The saints––Barbara, Buena Ventura, Fernando, Francisco––stand up straight in the painting outside the door to my room at the retreat center. They appear neat, tidy, benign, as if they never got dirty, never made a mess of things, never got in trouble with the bishop or the neighbors. But, hah, I’ve been studying spiritual formation. I know better! I read a little about the saints and find out they were, “like, real people, totally!” Life was never neat as a pin, pretty as a picture. Underneath the groovy outfits and golden halos painted behind their heads, the saints battled demons and ridicule, sunburn and lice, measles, and diarrhea.
I try to remember that when I wade through the muck of introspection, carting my old garbage and recycling, smacking into people and things while carrying my cross. Listening to God is messy business. Open the door to my room at the retreat house and you’ll see ear plugs to block out the noise, an eye mask to block out the porch lights, a heating pad for my backache, a special pillow for my neck, a travel clock and cell phone both with alarms set. I want to be prepared for everything, but I’m never really prepared for life, annoying the Girl Scout in me. There are jumper cables, Powerbars and bottled water in my car. But maybe I need an apron, rubber gloves, waders or Lysol?
Sometimes I wonder what would happen if I just stayed home. After all, there are 187 channels on cable, a zillion shows I’ve never watched, which could be informative, educational, food for thought. But I’d have to learn to work the remote.
So, I get up off the couch and remind myself that life is chaotic and disease-ridden. Life chooses its course, and it comes, tidal wave or puddle, or something in between. Either way, life floods across my path and when the time comes to decide, I step in. I might as well have company on the journey. I might as well try to walk with God.
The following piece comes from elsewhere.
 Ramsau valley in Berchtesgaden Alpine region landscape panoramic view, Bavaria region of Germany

If you’re anything like the saints I know, you don’t really have a choice. It’s a no-brainer, reflex kind of thing, this standing up, this stroll with the divine, even without a groovy robe and golden halo. Just ask some of my recent companions on the journey––Saints Erika, Diane, Chris and Jim; Saints Nancy, Nan, and Monika––why they do it. What makes them pull on their slickers and wellies and venture out in the storm, looking for Jesus in the rain, offering umbrellas and towels to those caught in the down pour?
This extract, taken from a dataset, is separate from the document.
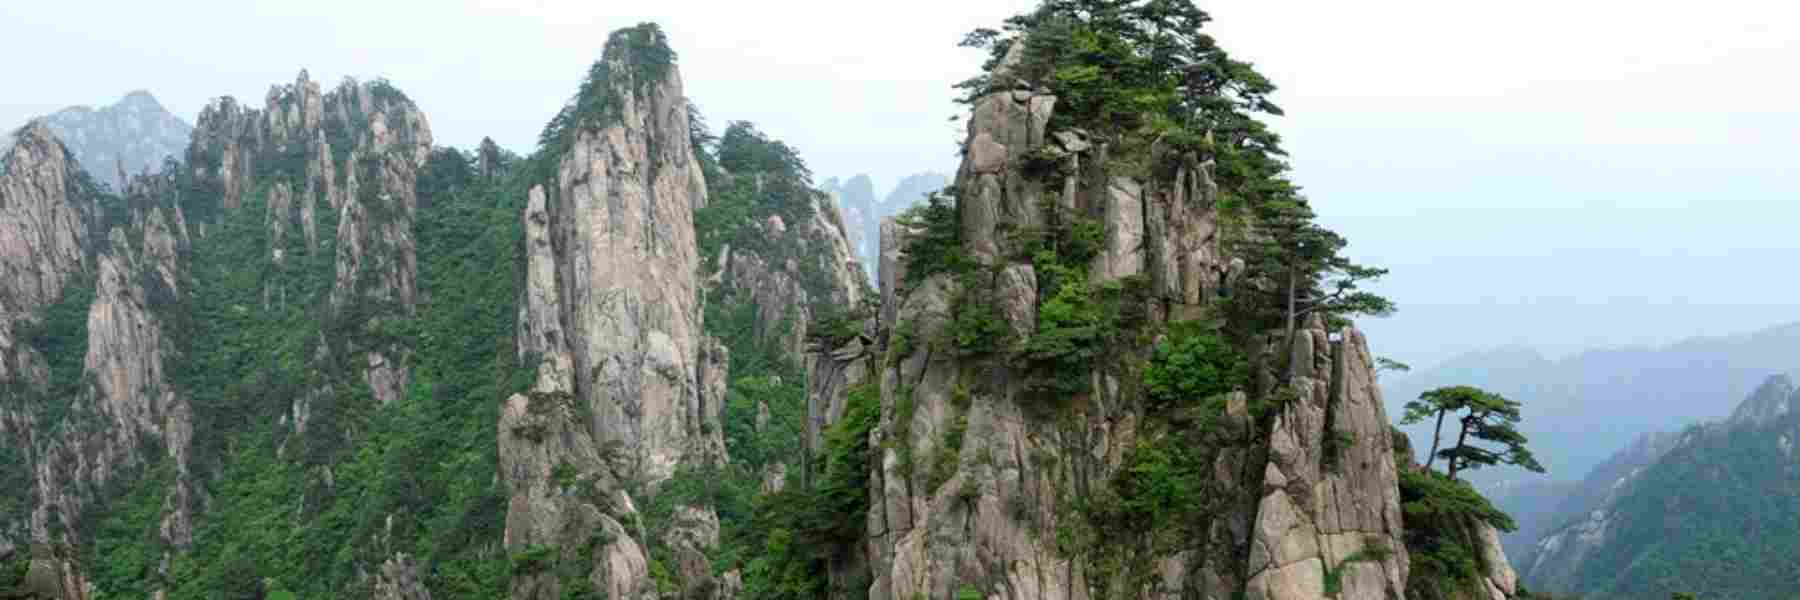 Mt. huangshan

At home now, I stand in my garden in the dusk after the first rain, looking at the poppies I didn’t plant, the larkspur that has volunteered to grow with the strawberries, several boxes away from the flowerbed where I planted it. I remember a friend’s hearty volunteer peach tree, and my mother-in-law’s volunteer tomatoes. I think of the birds that spread the seed and our surprised delight in the gifts we didn’t know they brought us. The saints I know sow the gospel the way birds spread seed, mostly unaware. God’s good news springs up in unexpected places.